Knight Swift Transportation Holdings, Swift’s parent company, did not respond to a request for a comment prior to press time.

Hiring practices related to non-U.S. citizens are generally governed by three federal laws: Title VII, the Immigration and Nationality Act (governing work visas) and the Immigration Reform and Control Act of 1986 (verification of employment eligibility).

Title VII and IRCA prohibit employers from discriminating against a job applicant on the basis of national origin and often involve overlapping aspects of the hiring process.

For example, last year, manufacturing staffing company ResourceMFG agreed to pay $75,000 to settle allegations by the U.S. Equal Employment Opportunity Commission that it violated Title VII by refusing to hire a naturalized U.S. citizen because she was born in Germany.

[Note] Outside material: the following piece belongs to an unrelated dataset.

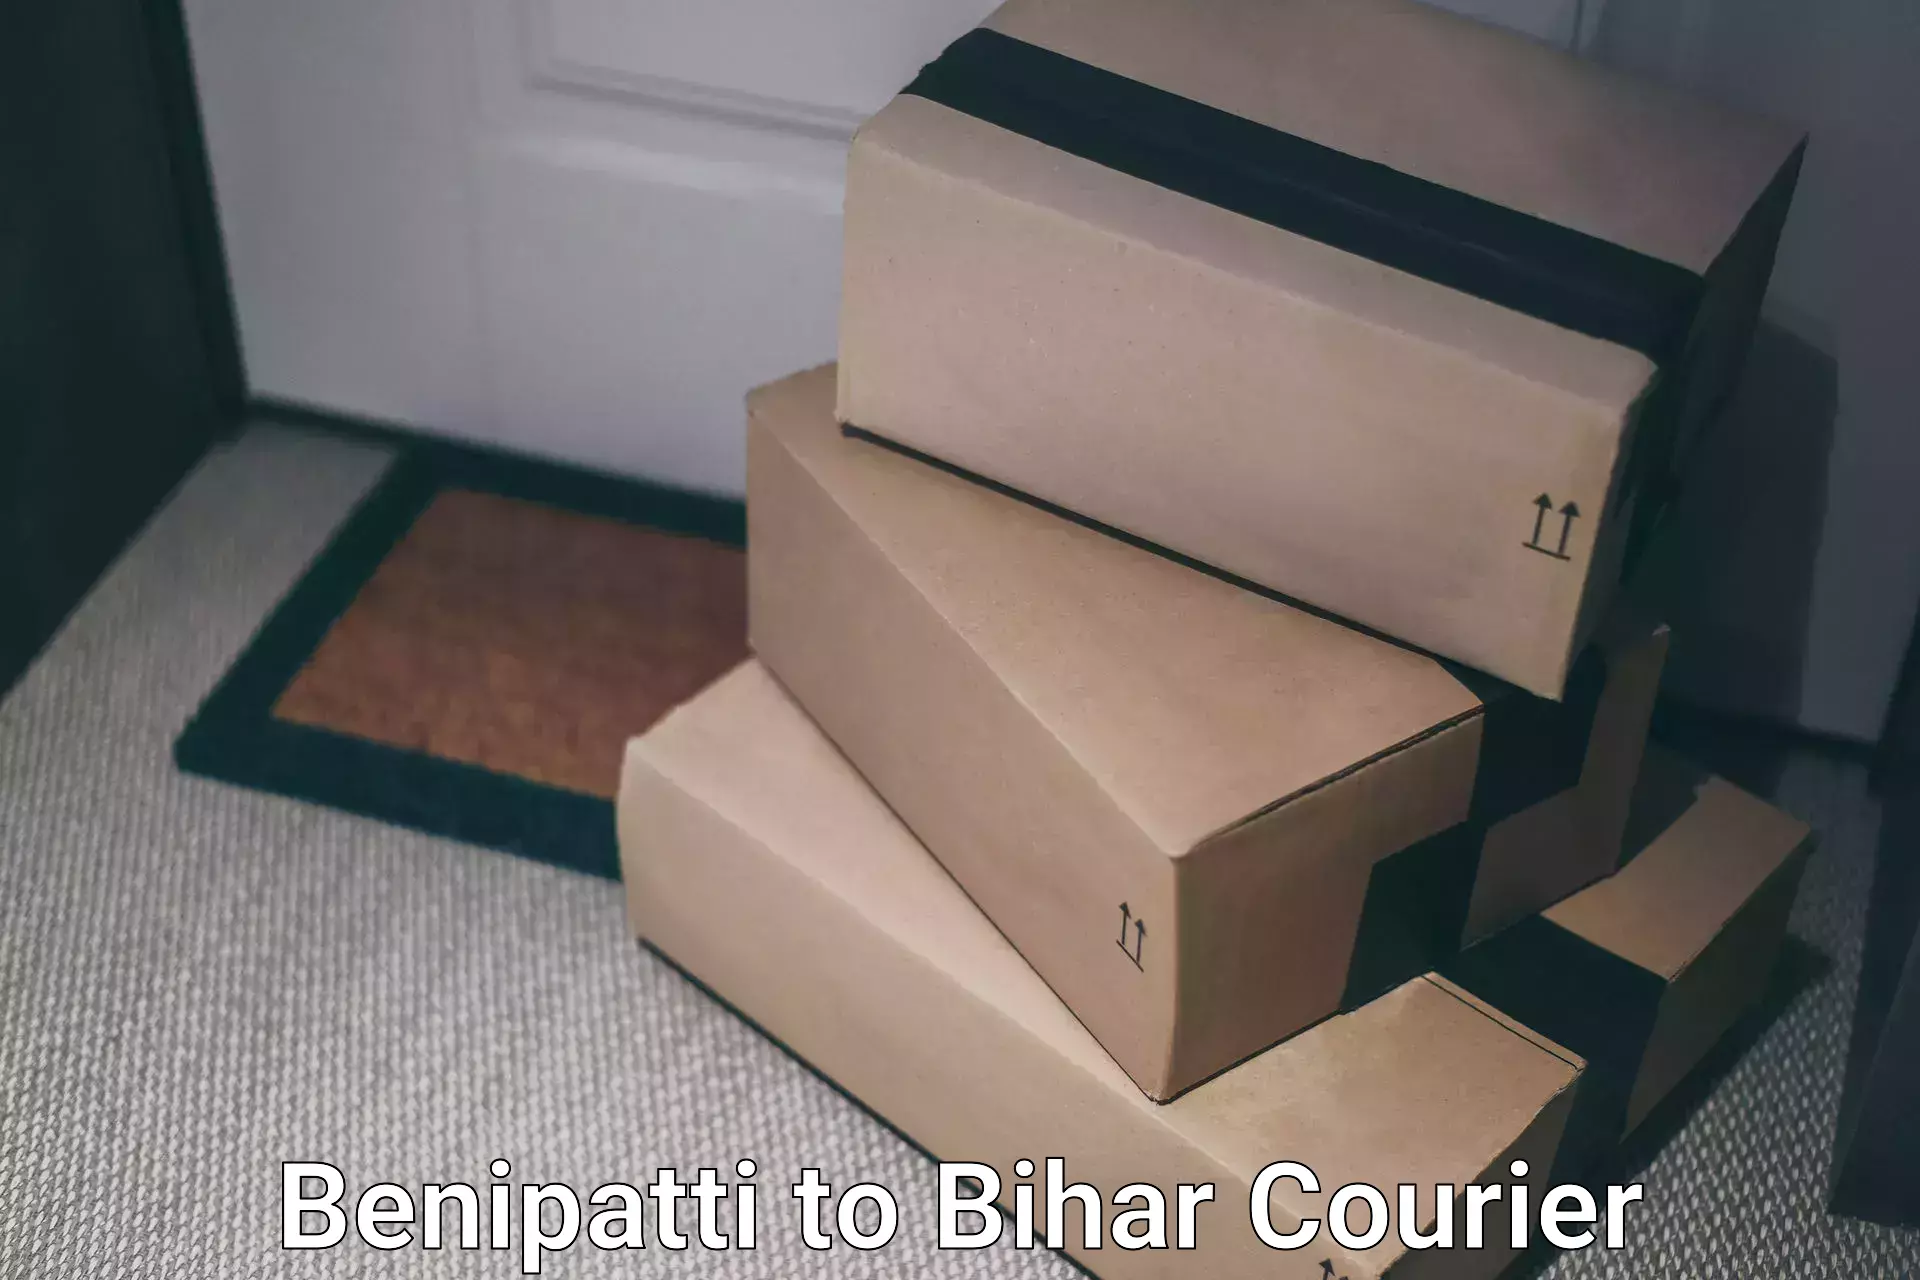 Logistics service provider Benipatti to Kishunganj

According to the EEOC, the applicant completed paperwork for a job with a government contractor that required employees to be U.S. citizens but not that they be born in the U.S. Even so, ResourceMFG’s recruiter allegedly required the applicant to produce a U.S. birth certificate, halting the process when the applicant said she didn’t have one, but could produce documents showing she was a U.S. citizen.

Properly verifying eligibility to work in the U.S. also raises compliance issues under the IRCA, which prohibits employers from refusing to accept permissible documents or requiring more documents than necessary to prove employment eligibility, the EEOC has previously reminded employers.

Relevant here, Title VII also makes it illegal for employers to use facially neutral selection criteria (standards that apply to everyone, regardless of their national origin) if such criteria have a negative impact on people of a certain national origin and are not job-related or necessary to business operations, an EEOC guidance states.

In this case, the applicant alleged the Swift recruiter told him that except for not meeting the driver’s license requirement, he was “exactly what they need,” according to the complaint. Yet, that requirement allegedly enables the company to refuse to hire otherwise qualified, foreign-born drivers and is not consistent with business necessity, the complaint asserts.

Even if the requirement were consistent with business necessity, “less discriminatory alternatives exist that would equally serve any legitimate purpose,” the lawsuit alleged. “For instance, if the concern were whether the applicant has sufficient driving experience, Swift could count the driver’s period of international driver’s licensure toward the 12 month requirement,” the lawsuit said.